The students in the school would call her the “bad nun,” as she was supposed to be taking care of them but would often send them into rooms to be sexually abused by priests. Other allegations claim she committed abuse herself and forced the children to watch pornography.
According to Argentine news reports, as analyzed by the Washington Post, a five-year-old girl was forced to wear a diaper in class to conceal the bleeding that resulted from sexual abuse at the hands of a priest.
The school has “a little chapel with an image of the Virgin and some chairs where the kids would get confession and receive the communion. That’s where some of the acts were happening,” former lead prosecutor Fabrizio Sidoti told the Associated Press.
The allegations are just the latest in a trove of sexual abuse scandals that have plagued the Catholic Church across the globe.
After a month of being a fugitive, Kumiko sat through a nearly nine-hour hearing before a judge, according to La Nacion. Inside the courtroom, she wore her habit and a bulletproof vest while denying all the accusations.
According to Argentine news outlet Clarín, prosecutors allege Kumiko targeted the most vulnerable children and covered up abuse by her superiors. As noted by the Washington Post, because the other children were deaf, only the abusers could hear their victims cry.

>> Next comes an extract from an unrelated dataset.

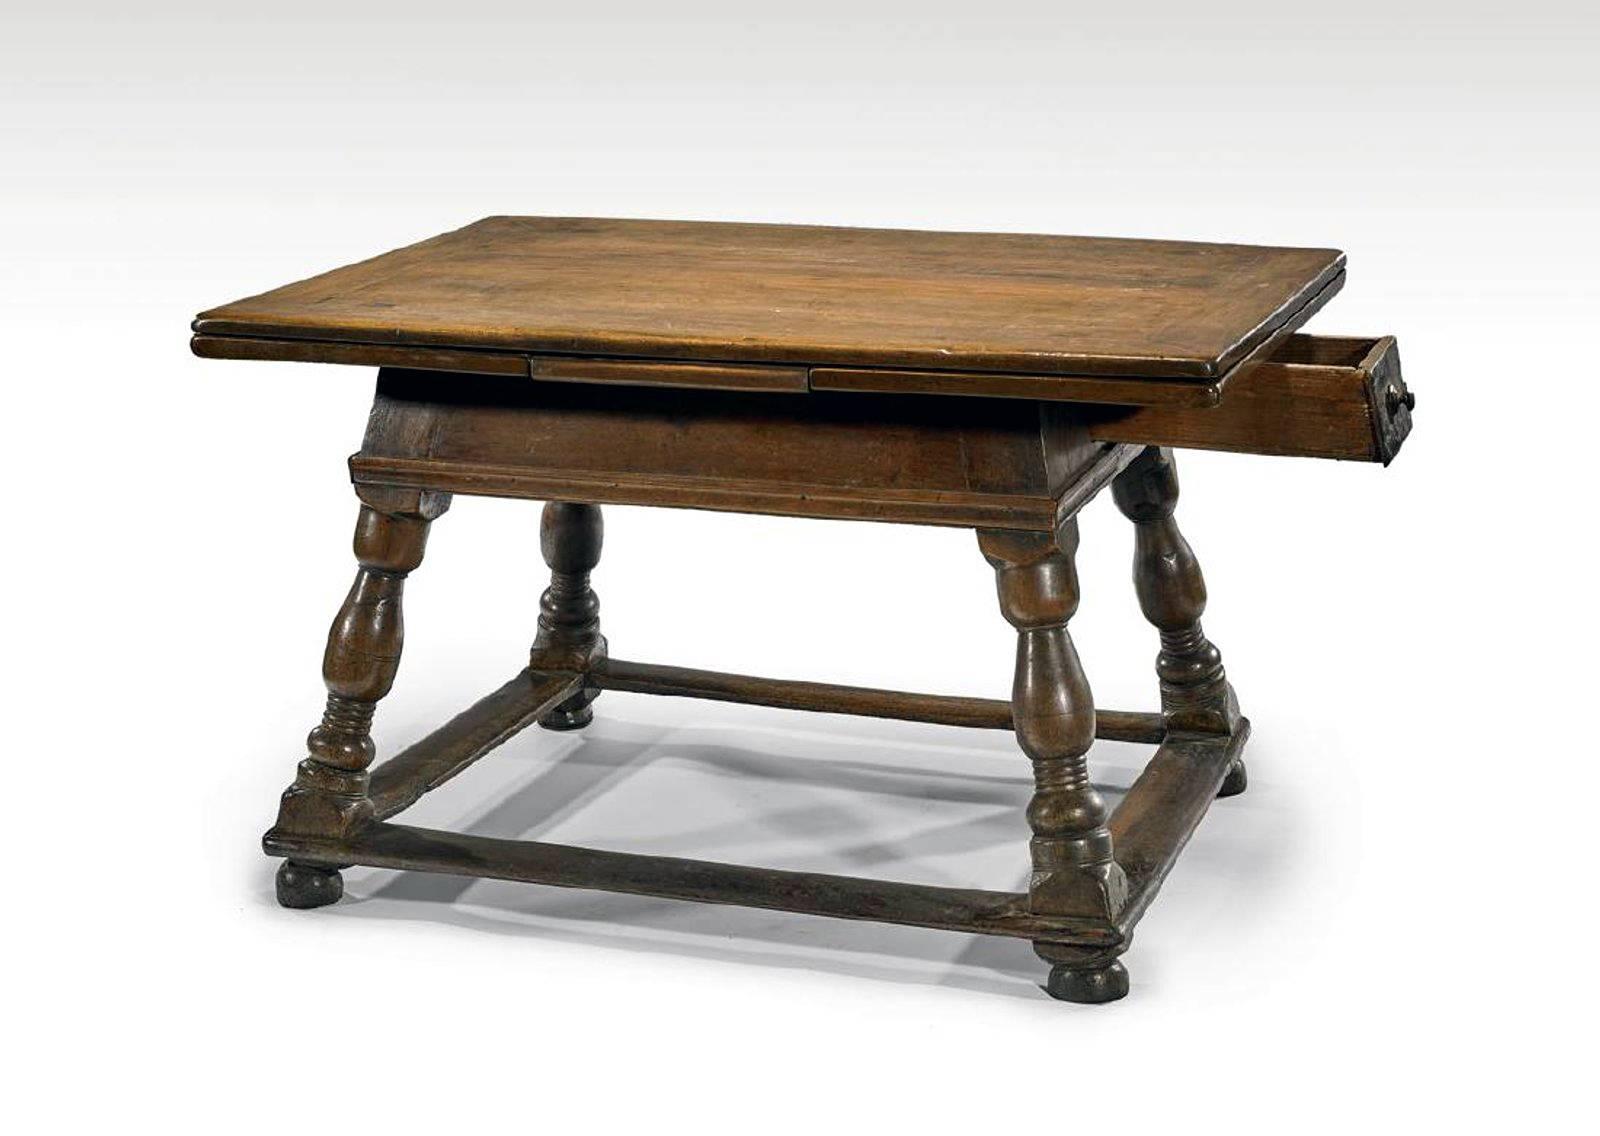 A fabulous antique Swiss wood tavern table circa late 17th to early 18th century, Known as Jogl table in Swiss Alps and German Bavarian region, the table features a carved rectangular top with a long frieze drawer to one side, two hidden draw-leaves
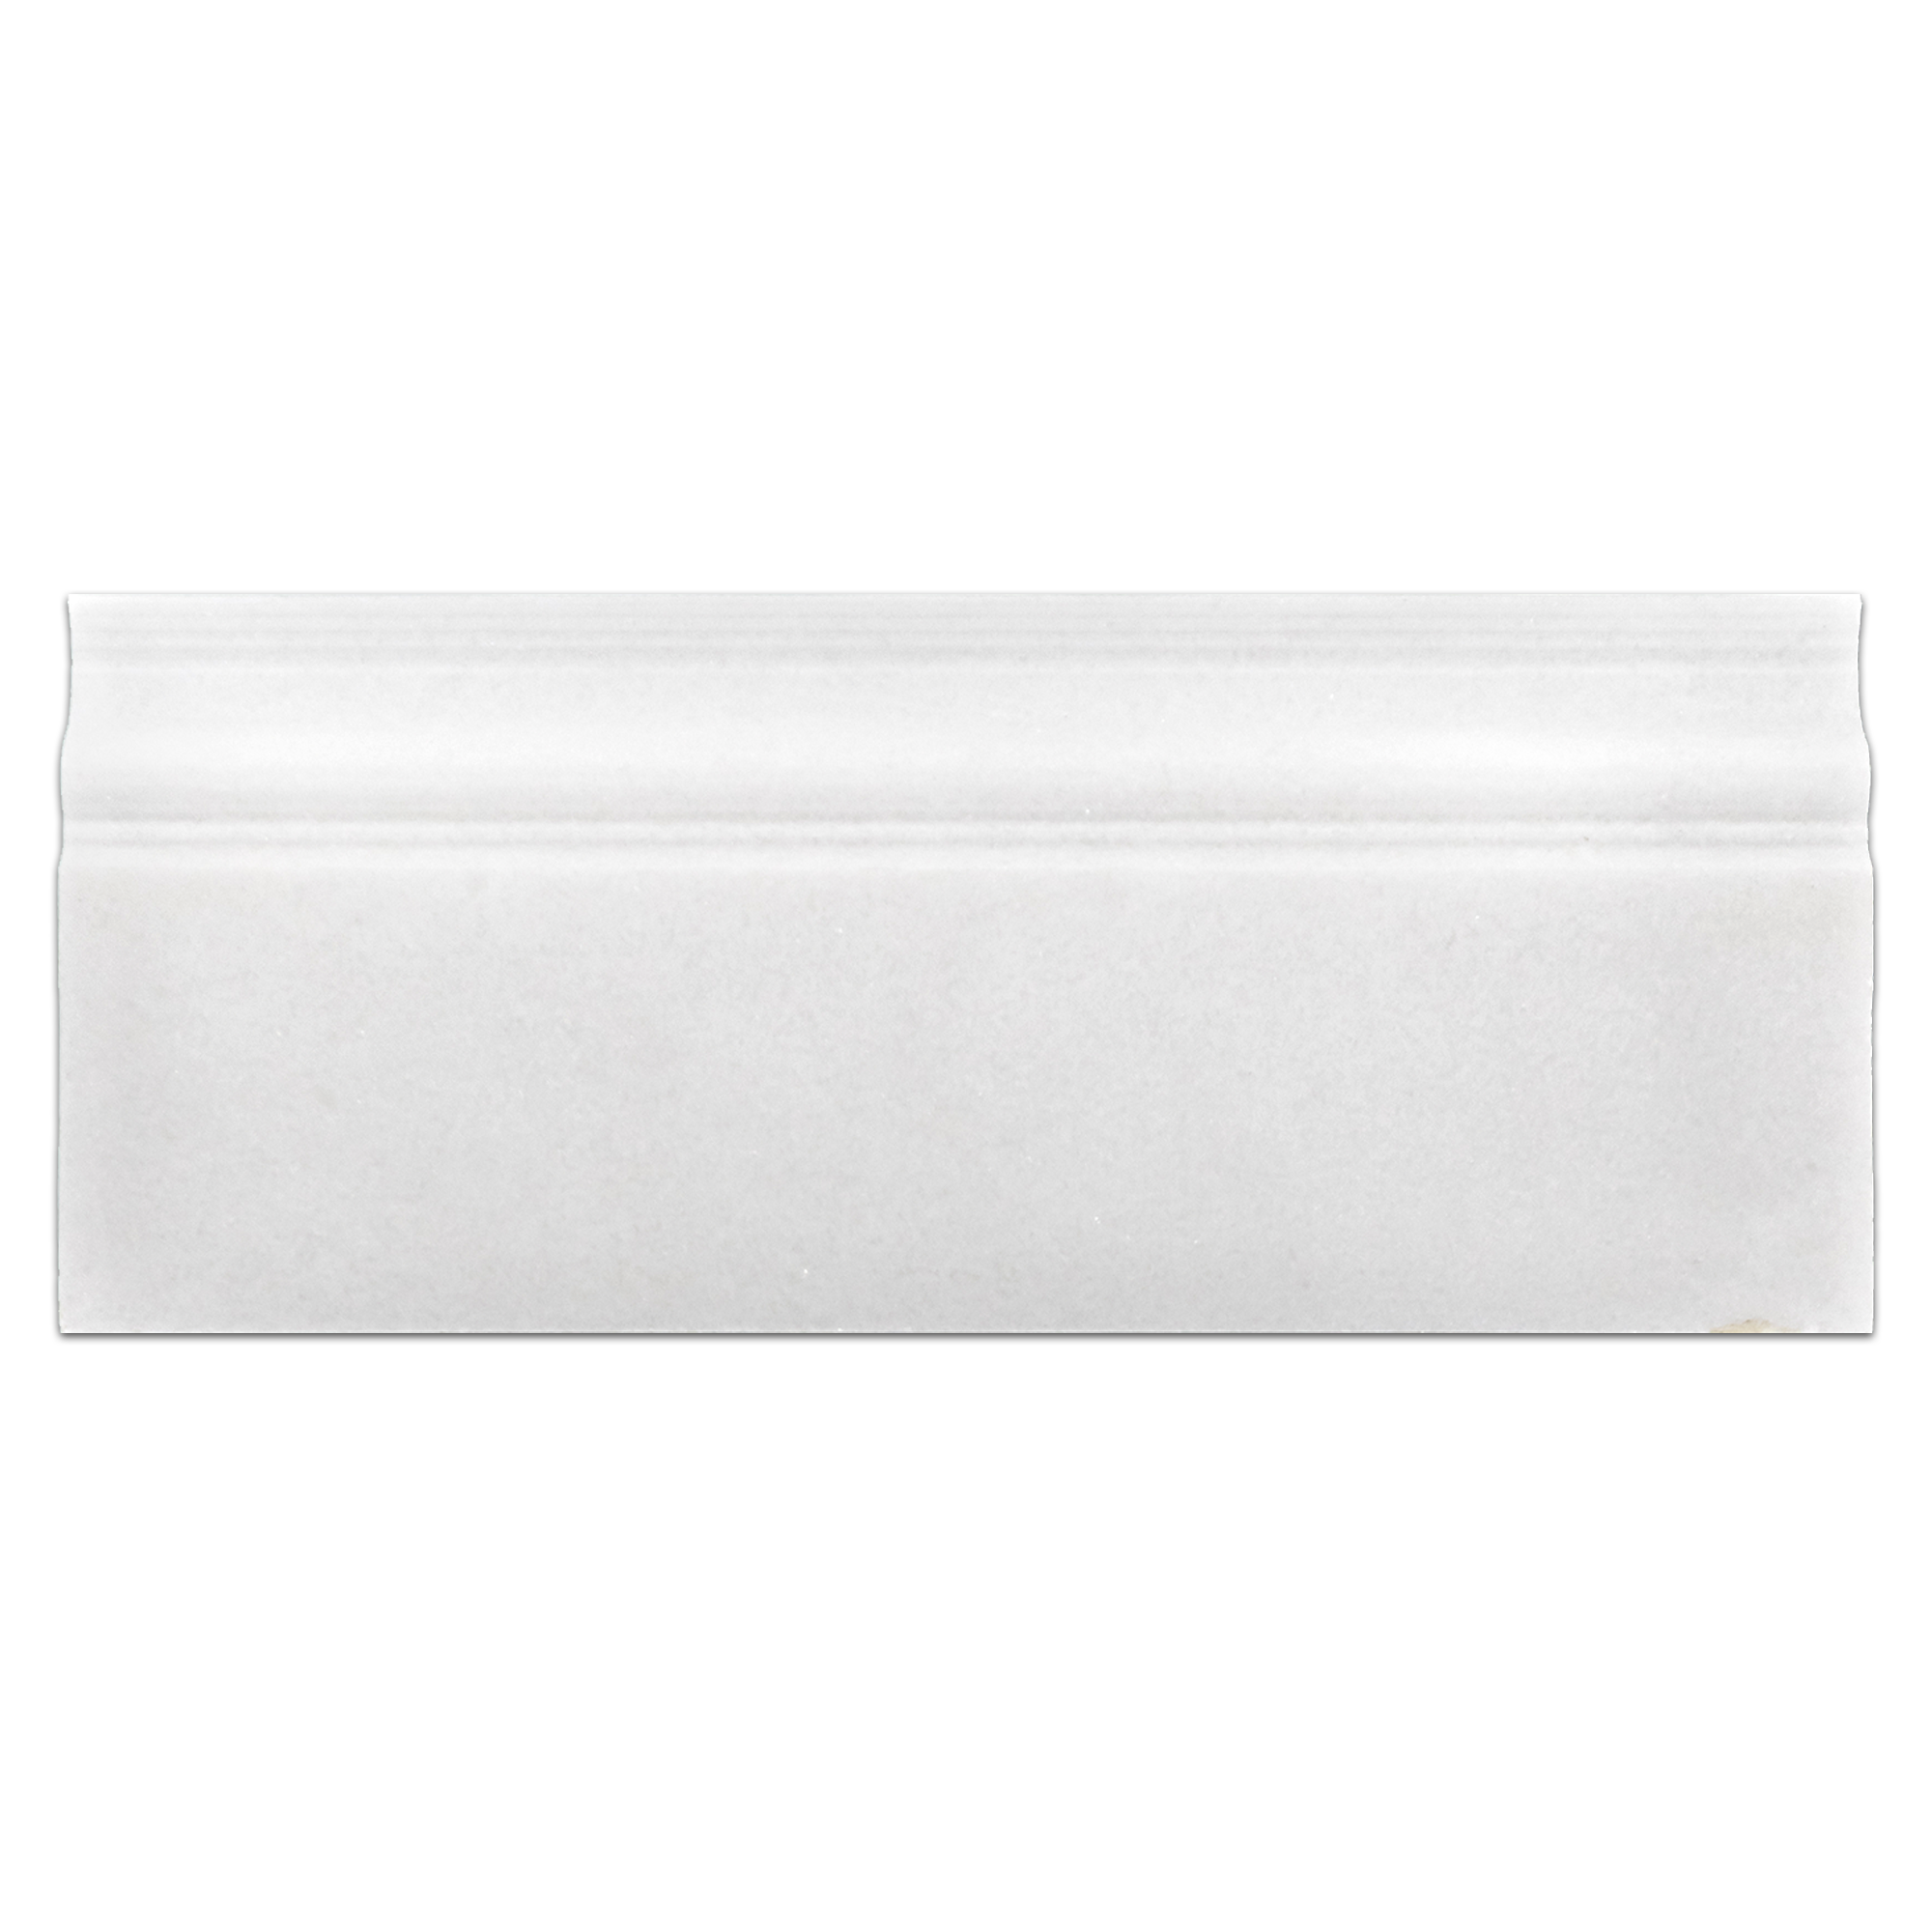 Elon White Thassos Marble Baseboard 4.75x12 Honed - Surface Group International Product

Unsurprisingly, dozens of students from Italy’s branch of the Provolo Institute had similar stories of sexual abuse. Some victims accuse a priest named Rev. Nicola Corradi, the same priest currently being charged in Argentina, according to the Associated Press.
Despite receiving a letter in 2014 regarding Corradi, the Vatican took no action. The Vatican declined to comment on Corradi’s eventual arrest.
The Washington Post noted that Pope Francis wanted to assure the victims that the church took measures to protect children and prevent sexual abuse. These assurances are, in reality, empty and devoid of veracity.
“No other pope has spoken as passionately about the evil of child sex abuse as Francis. No other pope has invoked ‘zero tolerance’ as often. No other pope has promised accountability of church superiors,” said Anne Barrett Doyle, co-director of Bishop Accountability, an online resource focused on clerical abuse, as reported by AP. “In light of the crimes against the helpless children in Mendoza, the pope’s assurances seem empty indeed.”
In an apparent attempt to completely undermine the real suffering of the victims, Kumiko said the allegations are nothing more than a “strategy of the victim’s families to get money.”
According to Prensa Libre, lawyers called Kumiko “the demon with the face of a woman” – a title that seems aptly fitting.